The Complete Picture Is the Point
The best net worth tracker is not the one with the longest feature list or the loudest brand. It is the one that sees your whole picture: every account, your investments with their real returns, your property net of the mortgage, and every currency your money sits in. Not seeing that clearly carries a real cost, not just the irritation of untidiness. If your money is simple, domestic and single-currency, the free US tools will serve you well, and there is nothing wrong with using one. But for the growing number of us whose money spans currencies, assets or borders, the complete picture is the entire point, and that is exactly what we built Endute for.
Net Worth Tracker FAQs
What is the best app to track net worth?
It depends on your situation, but the field splits cleanly. Empower is the best free option for US dollar-only investors, Kubera is best for global and alternative wealth, and Endute is best for multi-currency net worth with real investment returns, budgeting and FIRE planning in one place. The deciding factors are your country, your currencies, and whether you lead with budgeting or investing.
What is the best free net worth tracker?
In the United States, Empower (formerly Personal Capital) is the standout free option. Most fully featured trackers, and almost all the multi-currency ones, are paid, because a free app has to earn its money somewhere, through advertising, selling data, or upselling advice. Finary and PocketSmith offer limited free tiers worth a look, but a genuinely complete, multi-currency tracker is generally a paid product.

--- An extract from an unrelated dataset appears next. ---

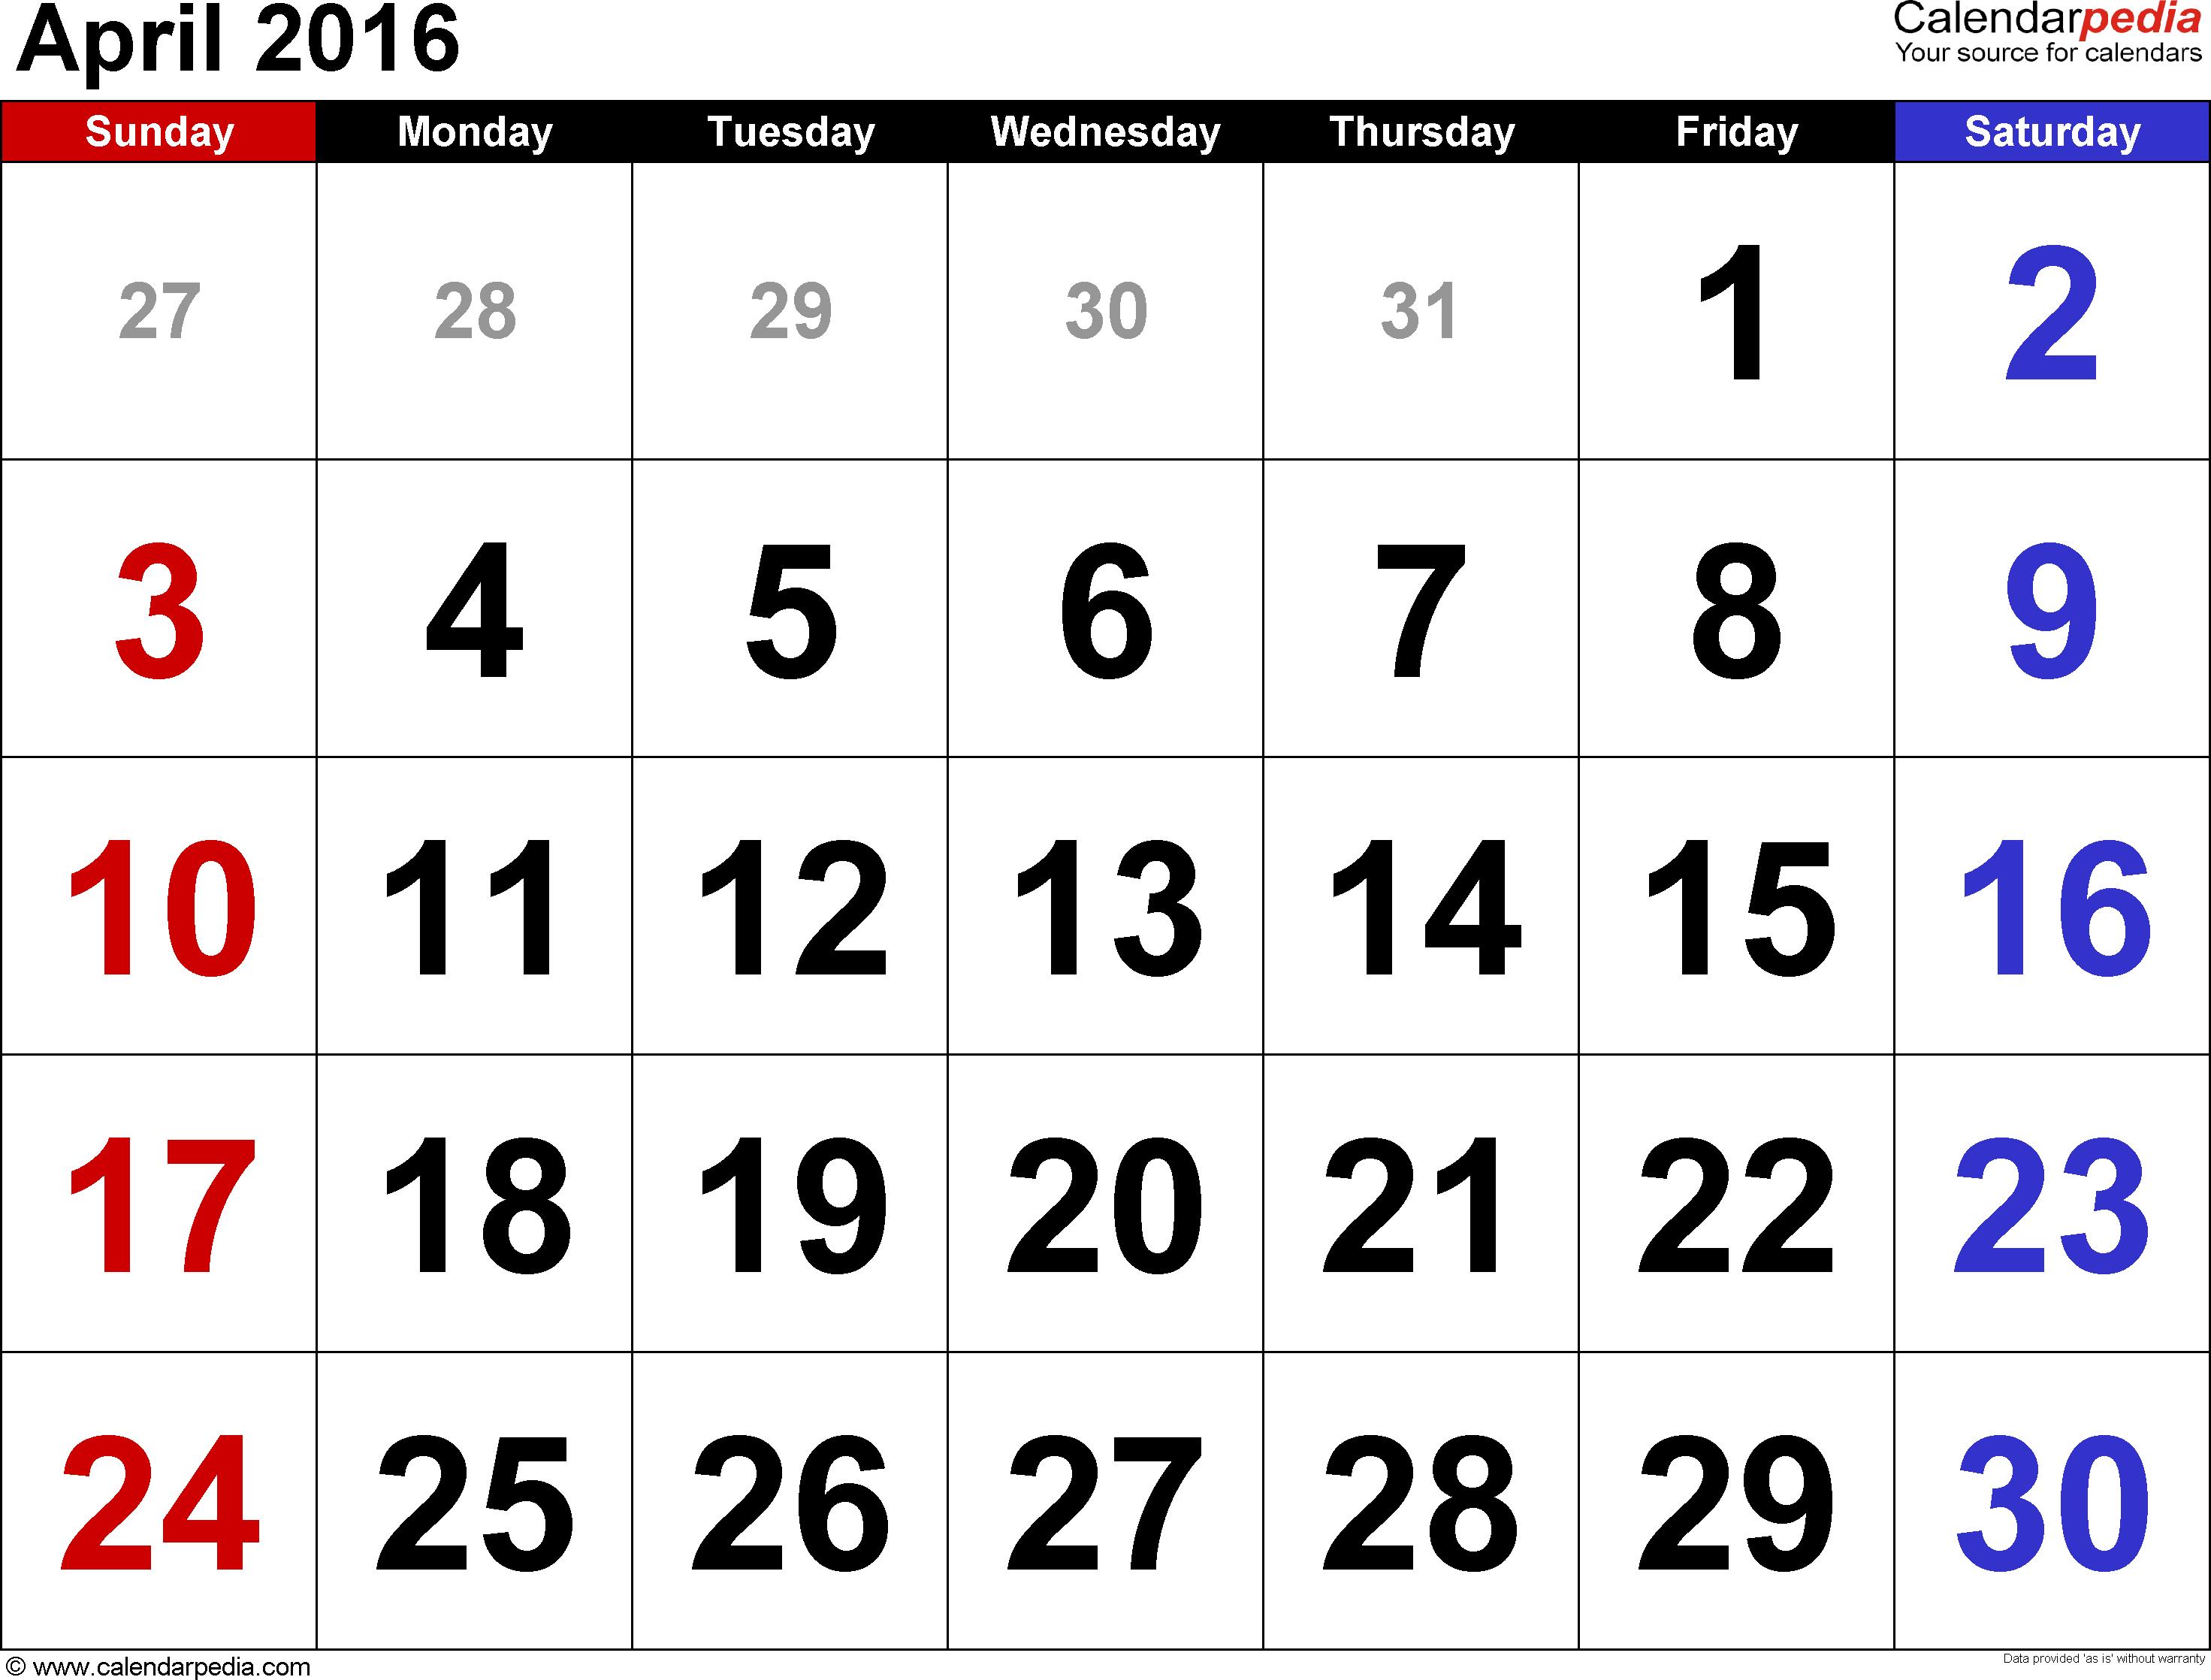 April 2016 calendar clipart clip art library stock April 2016 Calendars for Word, Excel & PDF clip art library stock

What is the best net worth tracker for multiple currencies?
Multi-currency support is rarer than you would expect. Endute, Finary, PocketSmith and Kubera all handle more than one currency, while Empower, Monarch and Copilot do not. Of the multi-currency options, Endute is the only one that also does budgeting, native mobile apps and FIRE planning, which is why it suits people whose whole financial life crosses borders.
Do net worth apps track property and investments too?
The good ones do. A proper tracker records property and nets it against the mortgage so you see your equity rather than the headline value, and it tracks investments with their real, time-weighted returns rather than only the current balance. Some apps show investment balances but not holdings-level returns, so it is worth checking that before you commit.
Is it safe to connect my accounts to a net worth app?
When the connection uses open banking, yes. Open banking is read-only, so the app can display your balances and transactions but cannot move your money, and you authorise it through your own bank rather than handing over a password. The point to check is the business model: if an app is free, find out whether it pays for itself by selling your data or steering you toward paid advice before you connect everything.
This article is for educational purposes only and does not constitute financial advice. We build Endute, one of the apps featured.